■ TASK: Skip every picture, and copy exactly the lines from the one containing "cupcake-gueen-1" to the end of the data.
*** GIVEN DATA ***
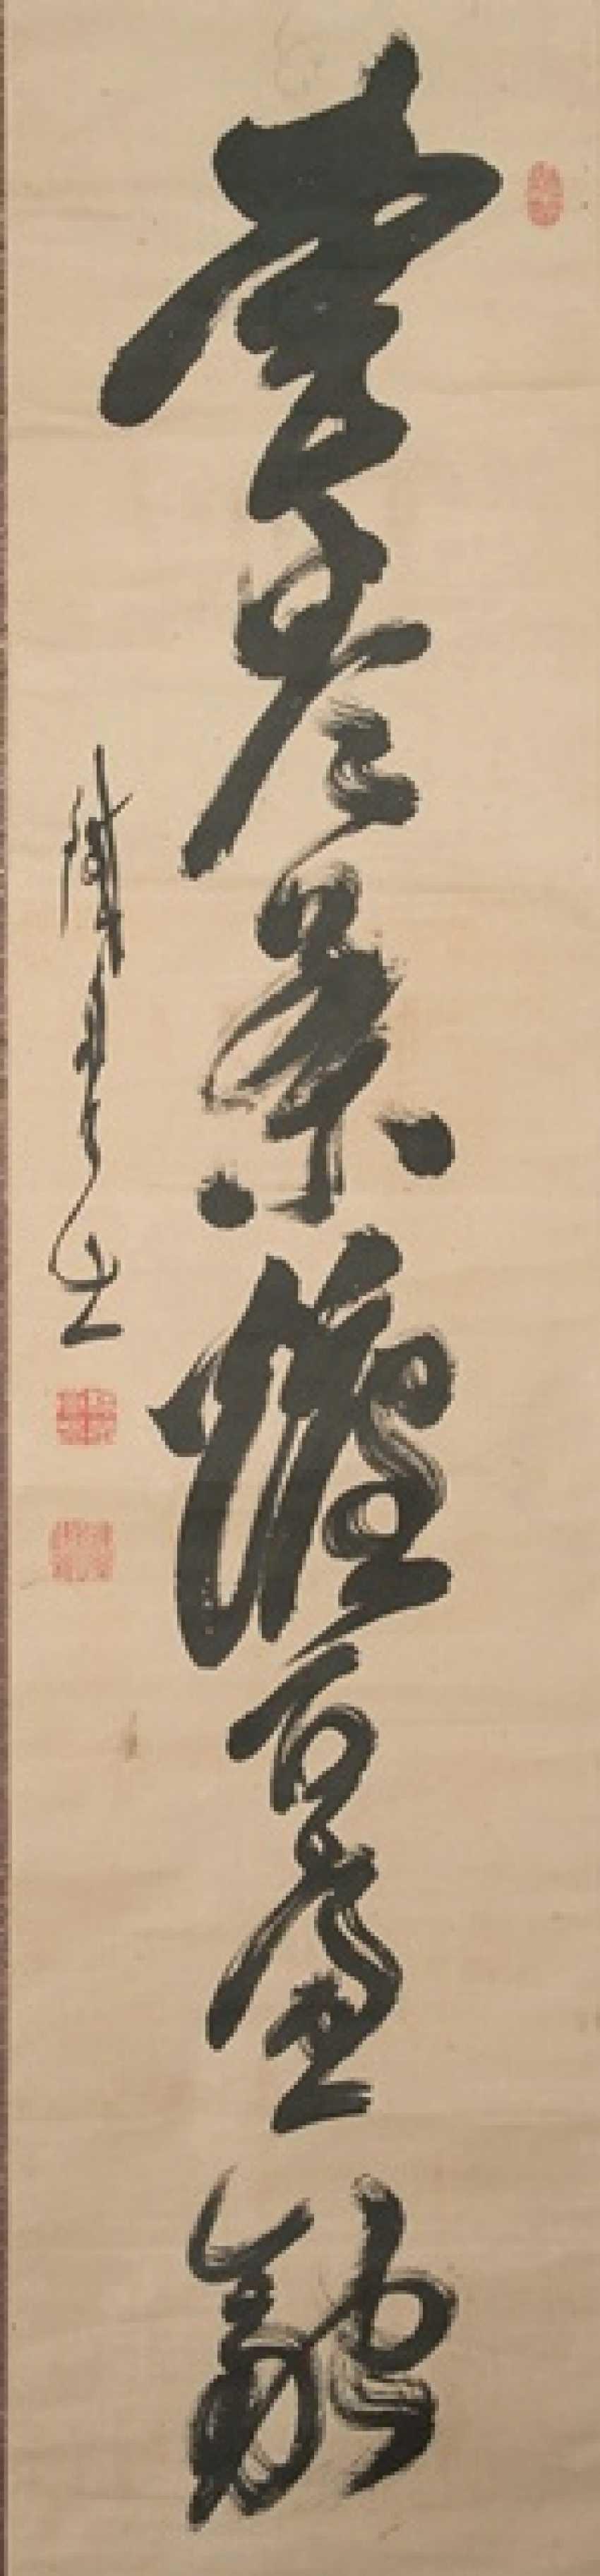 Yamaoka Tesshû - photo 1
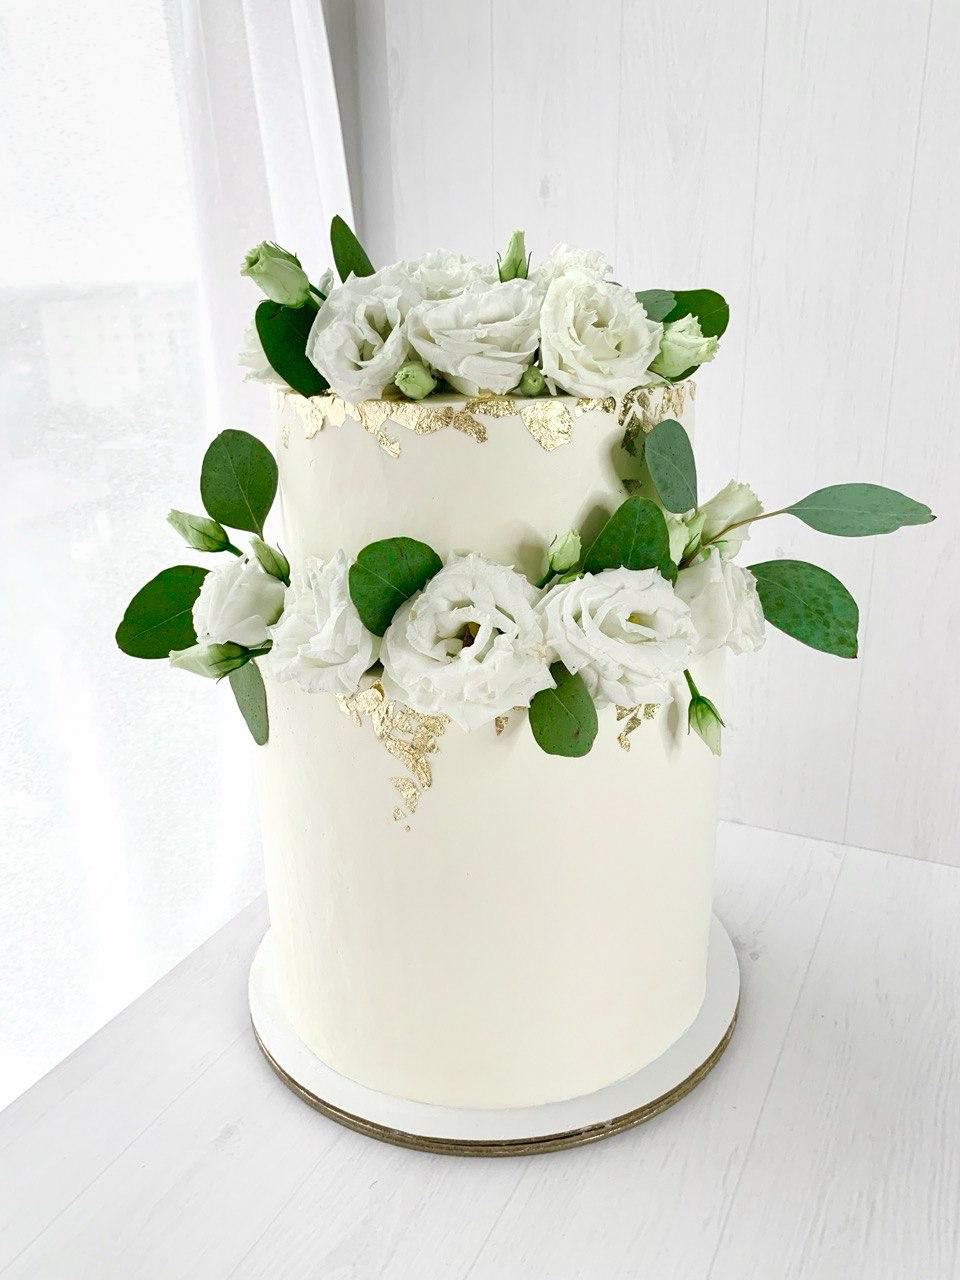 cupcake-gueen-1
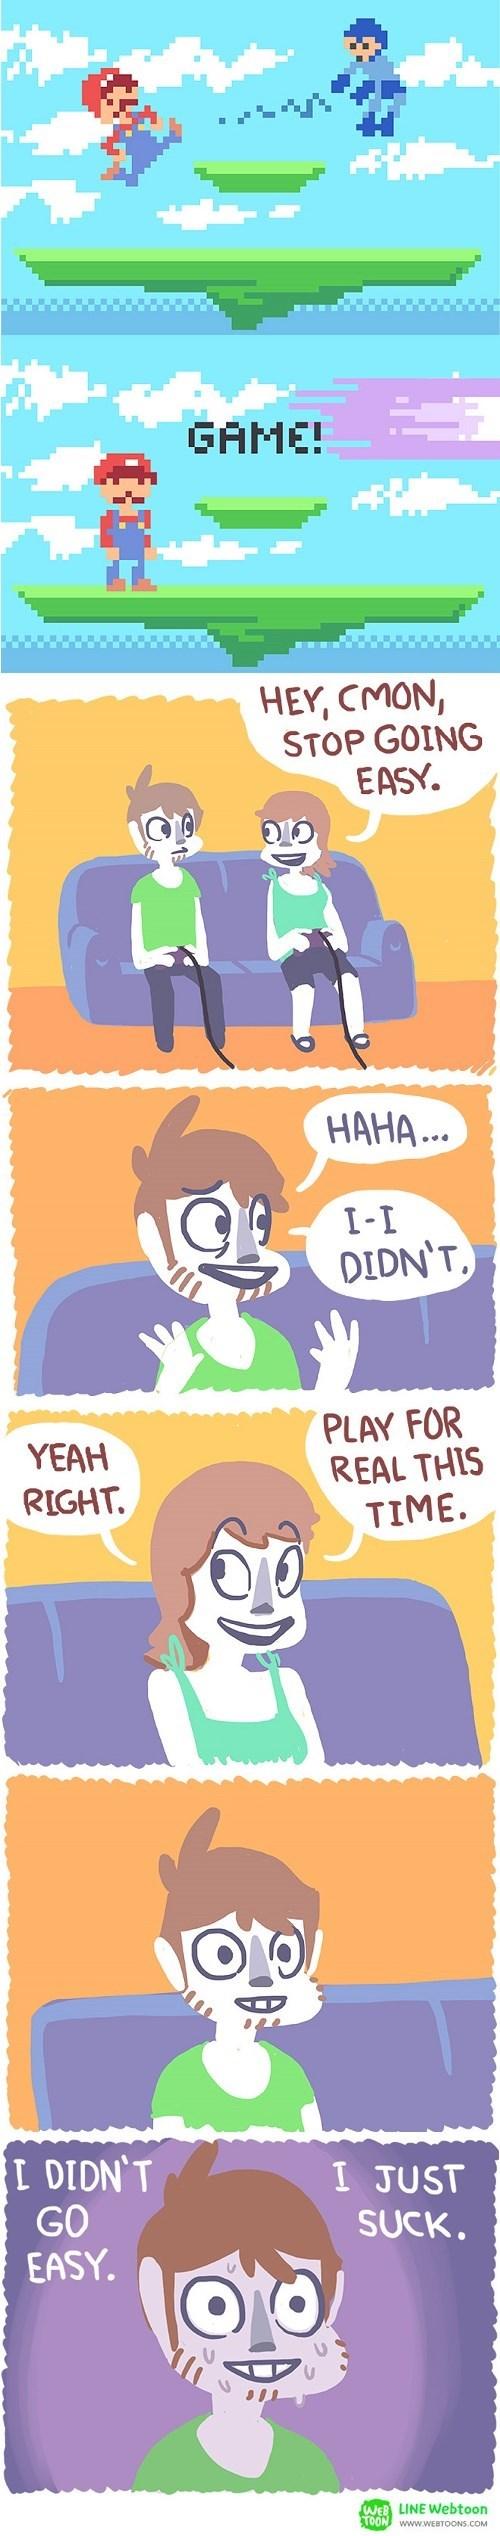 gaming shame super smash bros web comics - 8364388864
*** End of GIVEN DATA ***
■ SOLUTION TO THE EXERCISE:
 cupcake-gueen-1
 gaming shame super smash bros web comics - 8364388864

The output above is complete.